Drawing-Grounded Document QA

• Drawing-grounded Document QA is a framework that links text and graphics by explicitly grounding answers in spatial regions, enhancing interpretability.
• It employs multimodal architectures—from OCR-first LLMs to neuro-symbolic hybrids—using bounding boxes and chain-of-thought strategies for precise localization.
• Research addresses challenges in symbol ambiguity and diagrammatic reasoning through advanced datasets, spatial metrics like IoU, and validator-distilled feedback.

Drawing-grounded document question answering (QA) is the task of extracting and localizing answers from documents that contain both textual and graphical elements, where evidence for the answer is visually grounded—often as bounding boxes or regions within document images, diagrams, charts, or engineering drawings. This paradigm mandates explicit spatial linkage between an answer and the underlying visual context, supporting both answer interpretability and rigorous spatial reasoning essential for document intelligence systems and visually rich document understanding (VRDU). Current research spans dataset curation, model architectures, spatial annotation schemas, and evaluation protocols, with ongoing challenges in symbol-centric and diagrammatic reasoning.

1. Datasets and Spatial Annotation Frameworks

Drawing-grounded document QA requires large-scale, spatially annotated benchmarks. Notable resources include:

• BoundingDocs (Giovannini et al., 6 Jan 2025): Integrates ten public collections, encompassing 48,151 documents and 237,437 pages with 249,016 QA pairs. Each answer is linked to word-level bounding boxes normalized to a 0–1000 grid. Example annotation:

{ "value": "$576,405.00", "location": [ [90, 11, 364, 768] ], "page": 7 }

Normalization is via

$$x_\text{norm} = \lfloor x_\text{raw} \cdot 1000 / W_\text{raw}\rfloor$$

• BBox-DocVQA (Yu et al., 19 Nov 2025): Uses a “Segment–Judge–Generate” pipeline (SAM segmentation, VLM-based semantic filtering, GPT-5 for QA generation, human verification), yielding 3,751 documents and 32k QA pairs, each with bounding boxes over text, tables, or images.
• RefChartQA (Vogel et al., 29 Mar 2025): Provides 73,702 chart QA pairs for grounding visual answers, with each box formatted as <box> x_min y_min x_max y_max </box> and annotated for chart-level, series-level, and data-point-level locations.
• DrishtiKon (Kasuba et al., 26 Jun 2025): Curates fine-grained, multi-granular ground-truth across block, line, word, and point levels using domain-specific OCR and hierarchical region matching.
• AECV-Bench (Kondratenko et al., 8 Jan 2026): Compiles 192 QA pairs across floor plans and architectural drawings, each QA linked to explicit evidence regions.

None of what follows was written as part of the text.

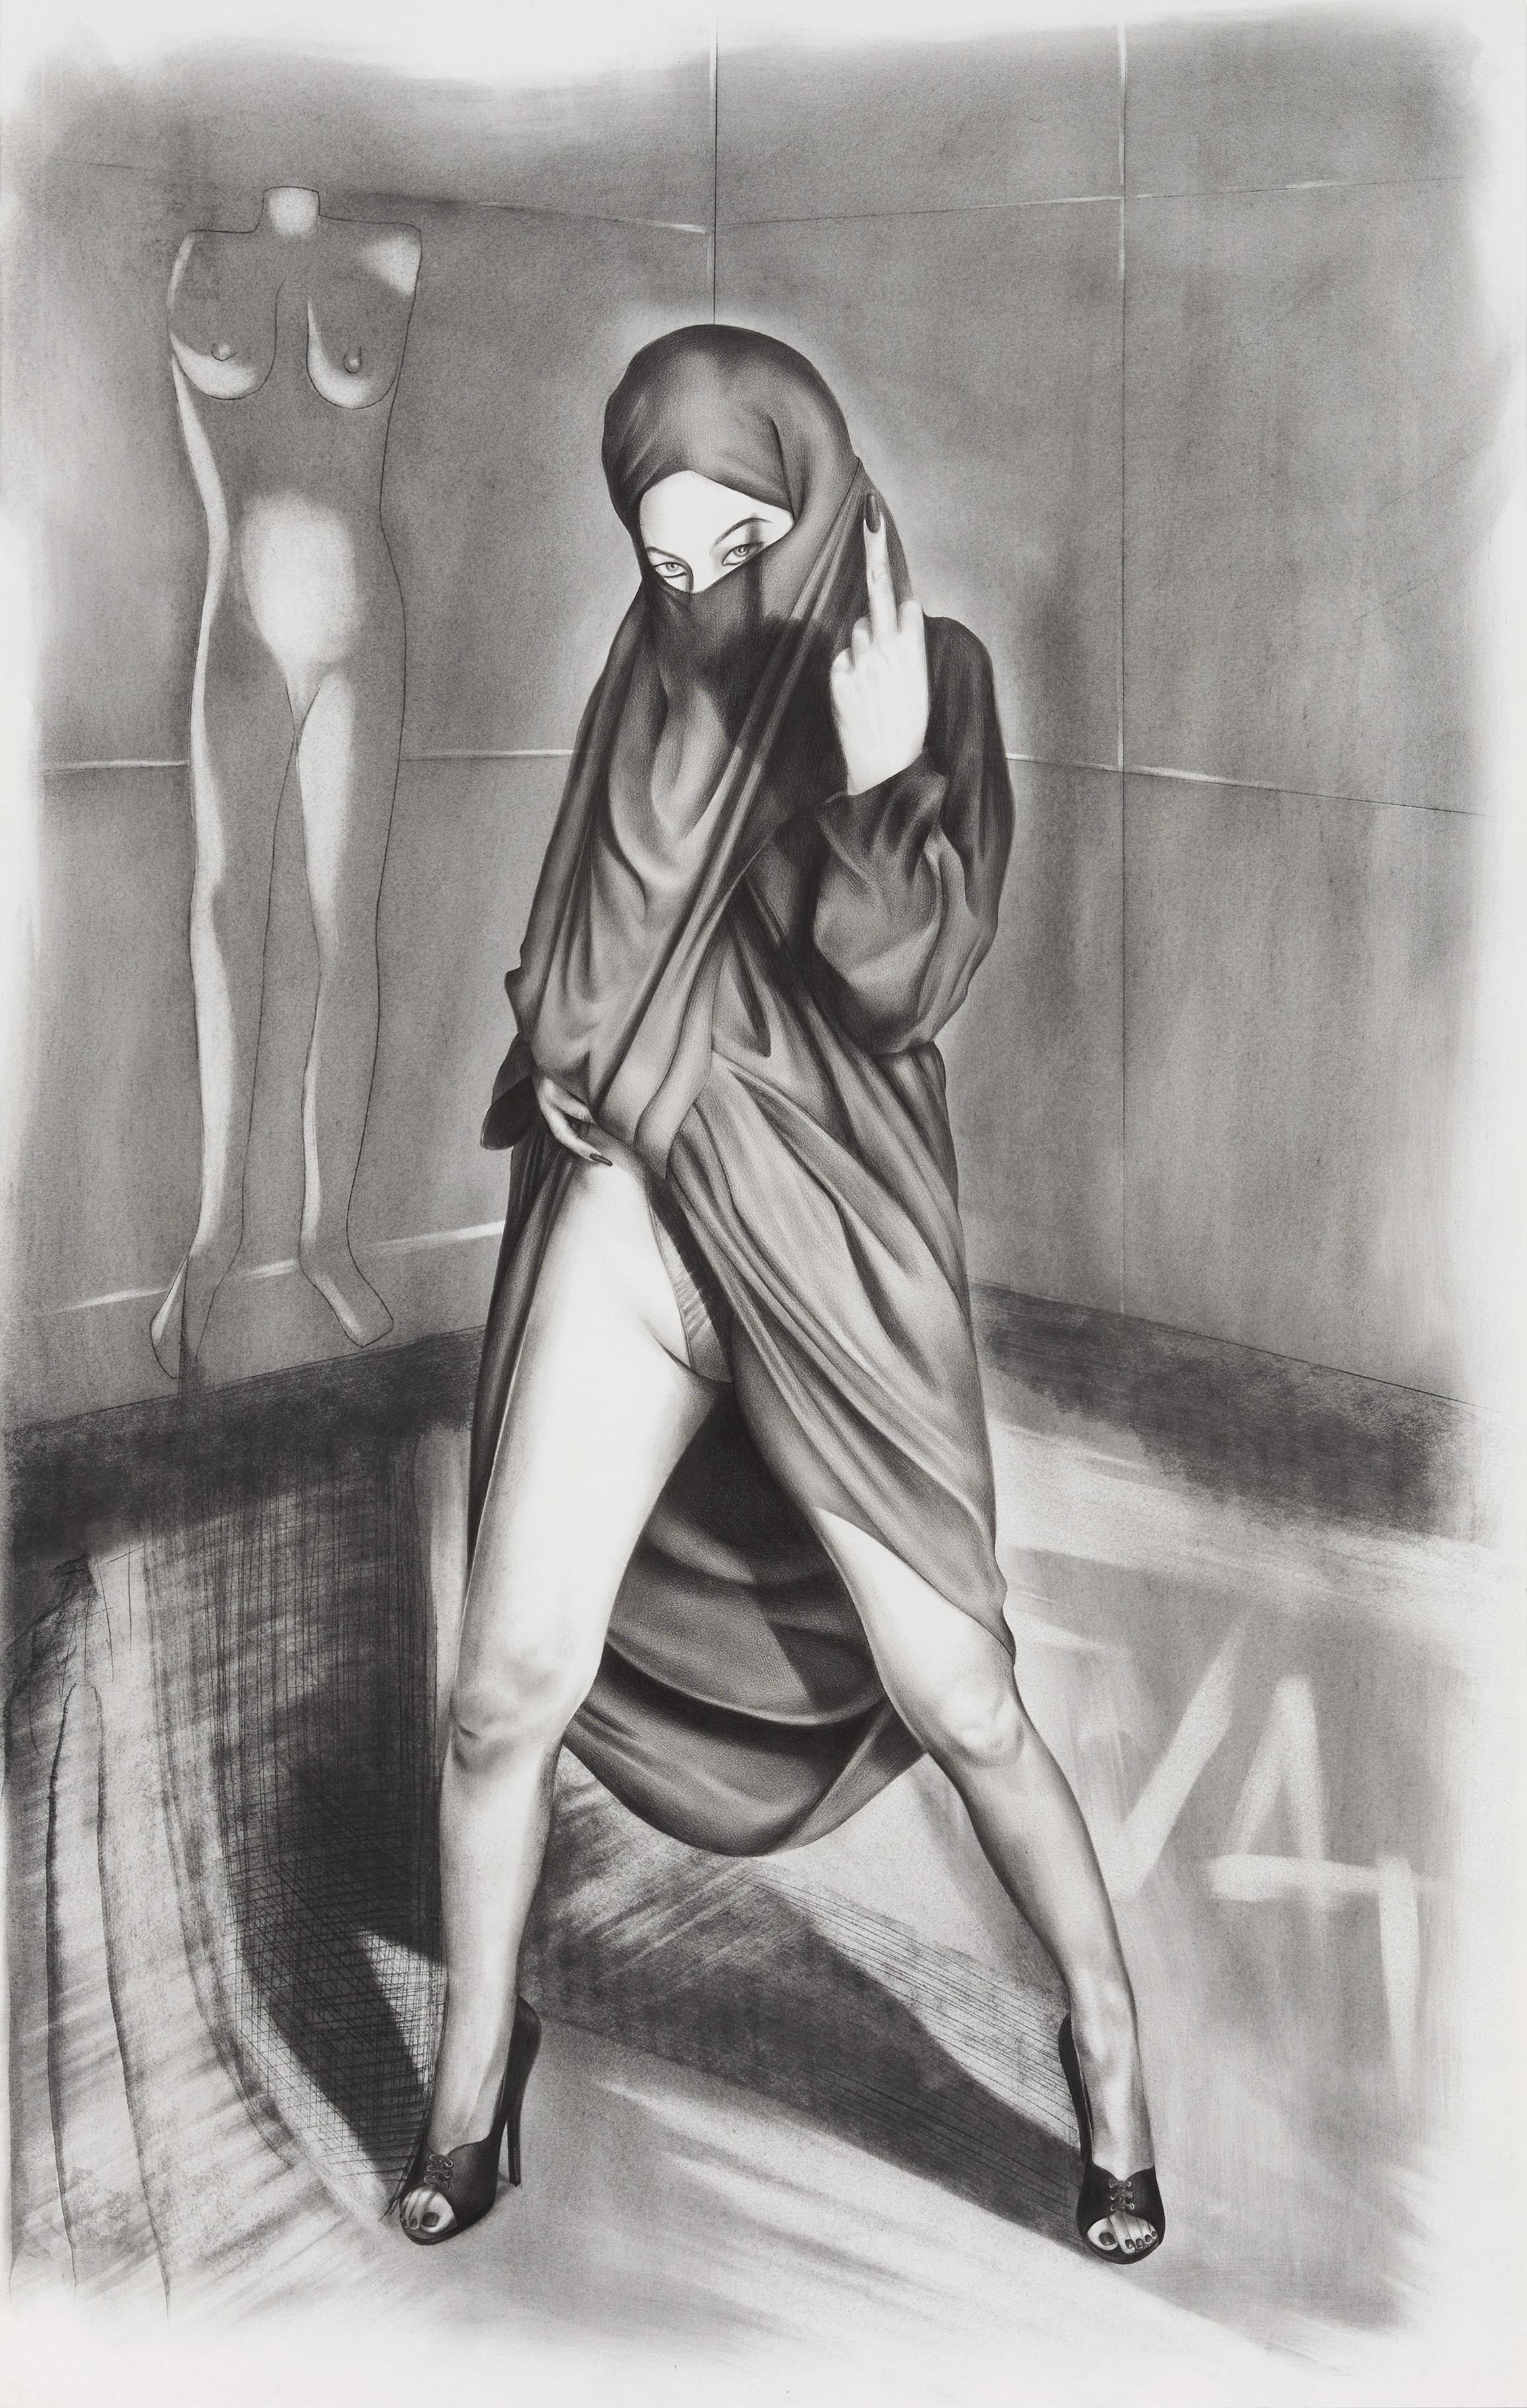 Taravat Talepasand  Blasphemy X , 2016 graphite on paper 22h x 15w in.

Spatial grounding is evaluated using intersection-over-union (IoU) metrics:

$$\mathrm{IoU}(B_\text{pred}, B_\text{gt}) = \frac{|B_\text{pred}\cap B_\text{gt}|}{|B_\text{pred}\cup B_\text{gt}|}$$

Granularity selection varies with context, with line-level grounding optimal for text-rich images (Kasuba et al., 26 Jun 2025), and multi-bbox annotation used for charts, diagrams, and multi-region answers (Yu et al., 19 Nov 2025, Vogel et al., 29 Mar 2025).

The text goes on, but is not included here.